A recent study on 'Global attitudes on a COVID-19 vaccine' by pollster Ipsos, found that just over one-half of adults in France (54%) expressed their intention to get vaccinated against the virus, the lowest figure of any country asked.

"It's understandable because it's a new disease really," said Professor Luke O'Neill, an immunologist from Trinity College Dublin. "Vaccines make people anxious anyway because sticking a needle in a baby's arm makes people nervous.

"Then we have the horrendousness of social media that is selling fake news, but the truth is, vaccines are extremely safe. Every health agency in the world says to use them.

"So it is a strange debate.
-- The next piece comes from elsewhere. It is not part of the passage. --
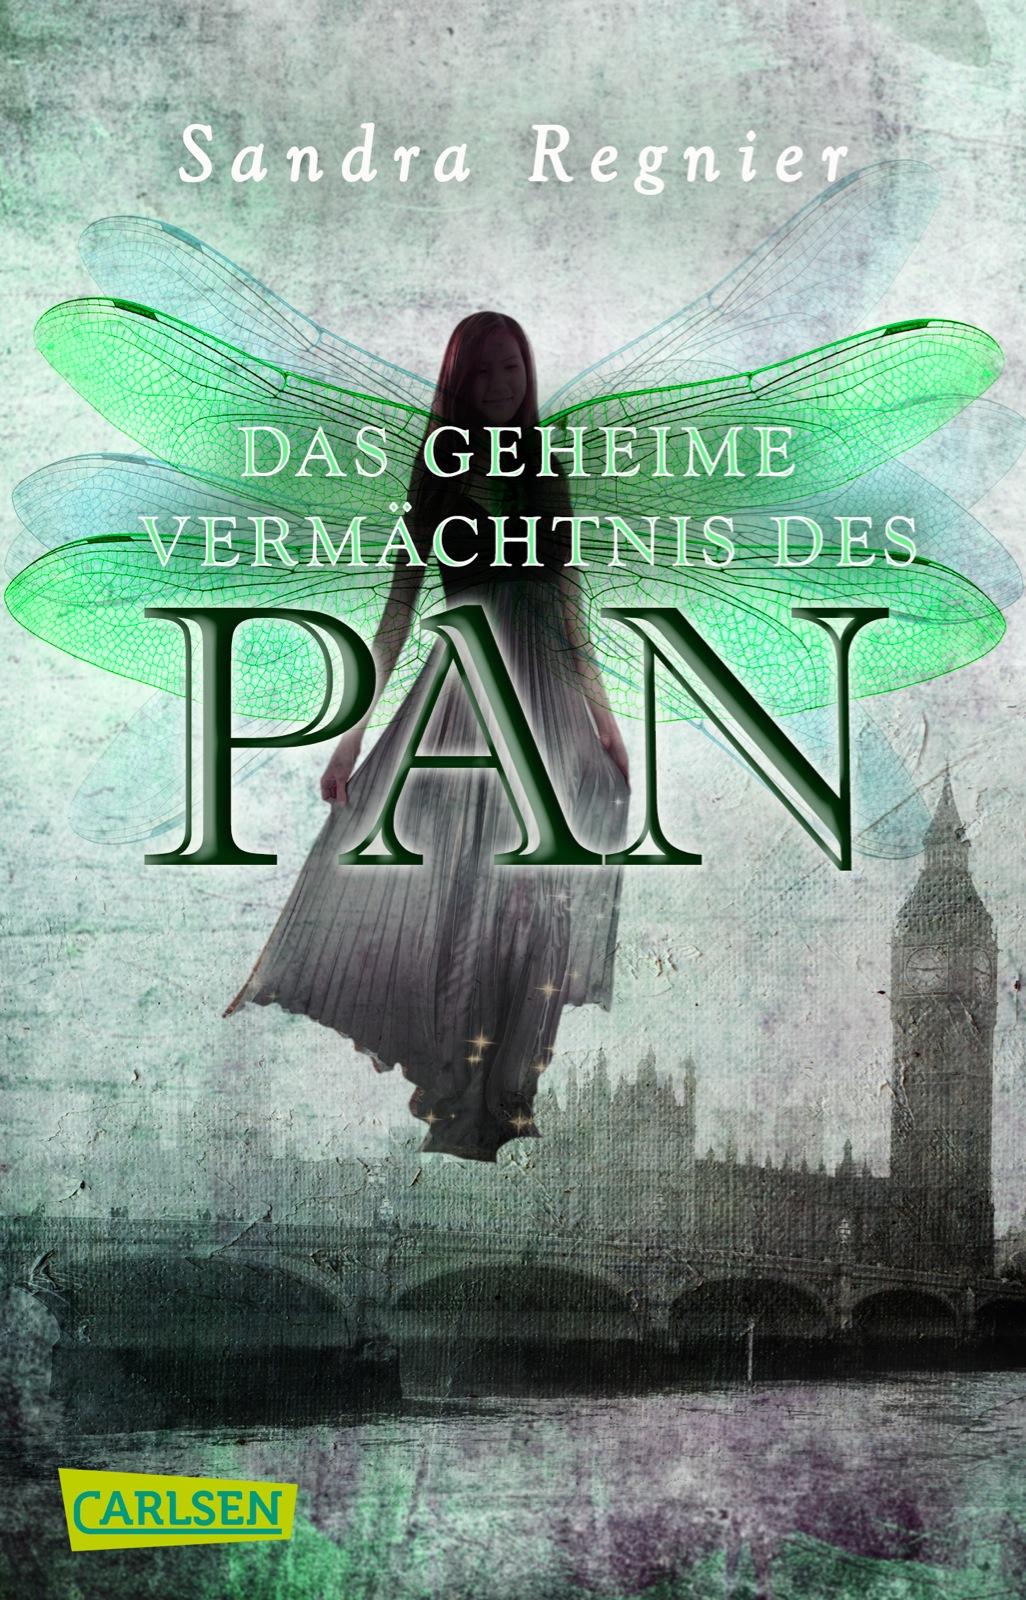 Die Pan-Trilogie: Band 1 - Das geheime Vermächtnis des Pan - Sandra Regnier [Taschenbuch]
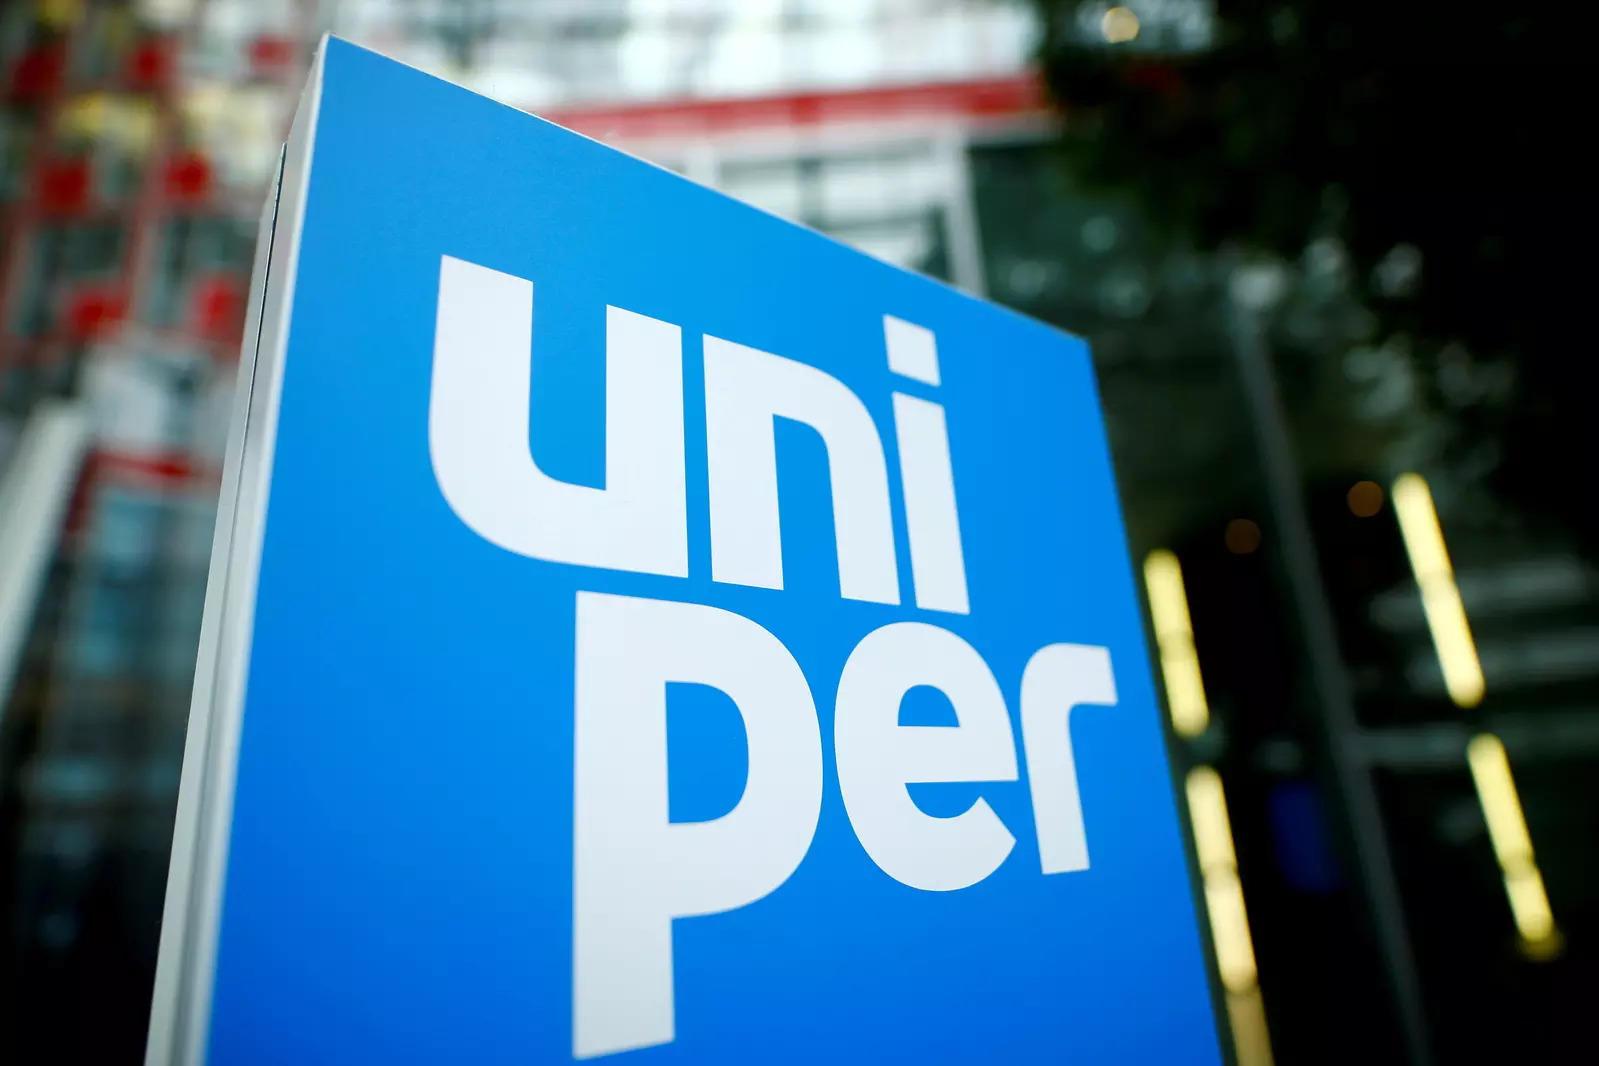 कार्य परिषद के प्रमुख का कहना है कि जर्मन उपयोगिता यूनिपर 1,200 नौकरियों में कटौती कर सकती है

It's our job to inform people. Vaccines are the biggest contribution to medicine. They are fantastic."

The Belgian government wants to vaccinate 70% of the population free of charge, but they might also struggle to reach this number, with some Brussels residents telling Euronews that the virus "does not exist" and that they would not trust it because they "don't know what the side effects might be".

But it's not all doom and gloom. Other people in the Belgian capital said they would take it and the Ipsos study backs this up, with 73% from all the countries surveyed globally, agreeing that they would get a COVID-19 vaccine if it was available.

The European Commission hopes so too. Since launching their vaccine strategy in June, they have pumped millions into research and development. Once approved, they hope for quick deployment of hundreds of millions of doses across Europe.

"The big news is these vaccines, obviously, will help us achieve that normal life again, no question," added Prof O'Neill.

"There is the question of how long they will take to roll out, get it to the people, vaccine hesitancy, and all those issues come up, but I would be optimistic that by next summer, things will go somewhat back to the way they were, but we will still have to wear masks and continue with a bit of distancing."

But with research showing that vaccine scepticism is high in many European countries, especially France and Eastern Europe, scientists and EU governments alike will have to make a clear, convincing pitch to break through all the noise and political pull.